Docling → Chroma → Ollama: Simple Local RAG Pipeline

PyPI
Python
License


🔎 What is DocRAG LLM?

DocRAG LLM is a local-first Retrieval-Augmented Generation (RAG) pipeline.
It connects Docling for parsing → ChromaDB for vector storage → Ollama for local LLM inference.

No cloud lock-in. No API costs.

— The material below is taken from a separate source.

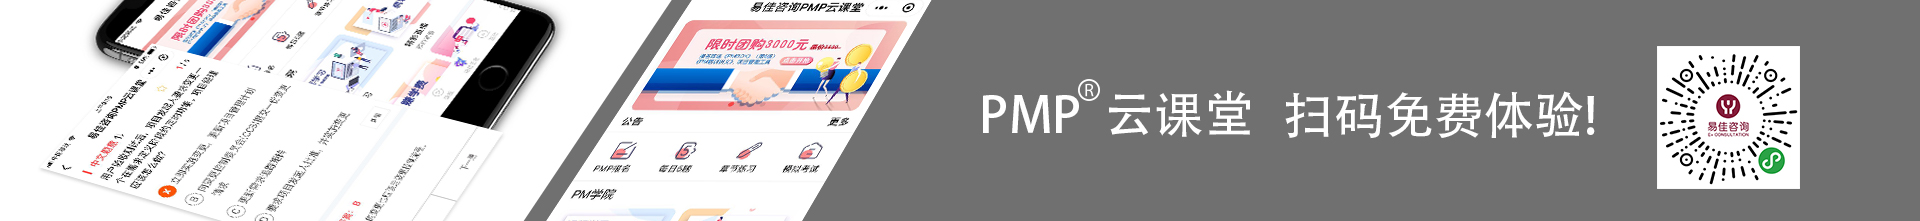 扫码登录易佳PMP微信小程序

Just local docs → local vectors → local LLMs.


✨ Features

  • 🔍 Parse documents with Docling (PDF, DOCX, PPTX, HTML, etc.)
  • 📑 Intelligent chunking for retrieval
  • 🧠 Store embeddings in ChromaDB
  • 🤖 Answer questions using Ollama (default: llama3.2:1b)
  • 🛡️ Privacy-first → all local execution
  • 🖥️ Use as a CLI tool or Python library

📦 Installation

pip install docrag-llm

Requirements:

  • Python 3.10+
  • Ollama installed & running
  • Local models:
    ollama pull llama3.2:1b
    ollama pull nomic-embed-text
    

🚀 Quickstart

CLI – Ingest and Ask

# Ingest a document (default collection: demo)
python -m docrag.cli ingest https://arxiv.org/pdf/2508.20755

# Ask a question (default LLM: llama3.2:1b)
python -m docrag.cli ask "Summarize in 1 paragraph with 5 bullet points"

Python API

from docrag import DocragSettings, RAGPipeline

cfg = DocragSettings(
    persist_path="./.chroma",
    collection="demo",
    embed_model="nomic-embed-text",
    llm_model="llama3.2:1b",
)

pipeline = RAGPipeline(cfg)

# Ingest
n_chunks = pipeline.ingest("https://arxiv.org/pdf/2508.20755")
print(f"Ingested {n_chunks} chunks")

# Ask
answer = pipeline.ask("Give a concise bullet summary of the paper's contributions.")
print(answer)

⚙️ Configuration

Both CLI & Python API let you customize:

  • persist_path → where ChromaDB stores vectors
  • collection → logical collection name
  • embed_model → embedding model (Ollama tag)
  • llm_model → LLM model (default: llama3.2:1b)
  • chunk_chars / chunk_overlap → chunking granularity

📊 Roadmap

  • model-check CLI → list installed Ollama models
  • Support multiple backends (Weaviate, Milvus)
  • Streaming output for long answers
  • Expanded test suite (large document regression cases)
  • Example notebooks & Hugging Face demo

🤝 Contributing

PRs and issues welcome!

pip install "docrag-llm[dev]"
ruff check .
pytest

📜 License

MIT License © 2025 Armando Medina


Project details


Download files

Download the file for your platform. If you're not sure which to choose, learn more about installing packages.

Source Distribution

docrag_llm-0.1.25.tar.gz (6.8 kB view details)

Uploaded Source

Built Distribution

If you're not sure about the file name format, learn more about wheel file names.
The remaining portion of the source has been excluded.